Element in Word document Notes
Paragraph Preserved as one line.
Table
  • Preserves as per GitHub flavored Markdown syntax.
  • Column alignment is based on alignment of first paragraph in cells of row.
  • Nested tables are not supported in Markdown, and they are merged with contents of parent cell.
Block Content Control Contents inside control controls are preserved as normal text. If the first item of the paragraph is a checkbox content control, then it preserves as a task item.

Paragraph items

Element in Word document Notes
Field Field result is preserved.
Form Field Result of text and dropdown form fields are preserved.
Hyperlink -
Image -
Horizontal rule -
Content Control

Contents inside control controls are preserved as normal text.

If the first item of the paragraph is checkbox content control, then it preserves as a task item.

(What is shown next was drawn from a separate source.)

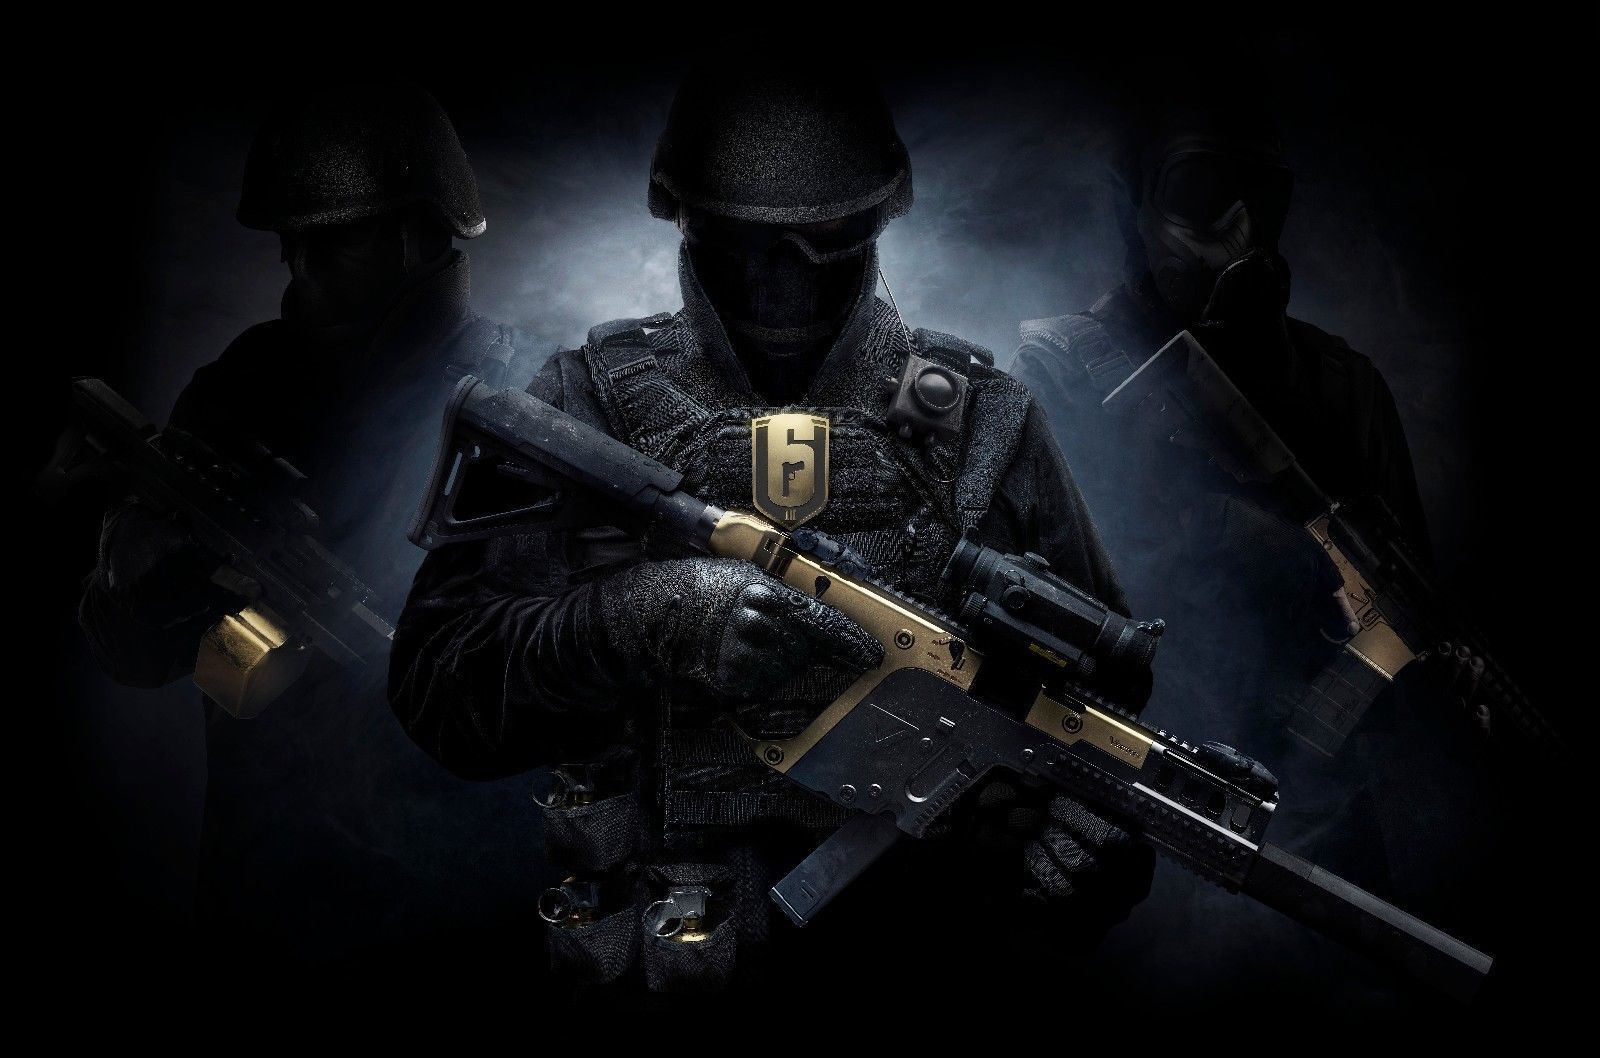 Primary image for Tom Clancy's Rainbow Six Siege Poster Game Art Print 14x21" 24x36" 32x48" #2

Breaks Line and text wrapping breaks are supported.

Formatting

Element in Word document Notes
Bold -
Italic -
StrikeThrough -
Subscript and Superscript -
Hidden Considered as comments in Markdown syntax
List
  • Numbered and bulleted lists are supported.
  • To restart numbering for the continuous list in the output markdown syntax, you should specify a non-empty paragraph in between the two lists in a Word document.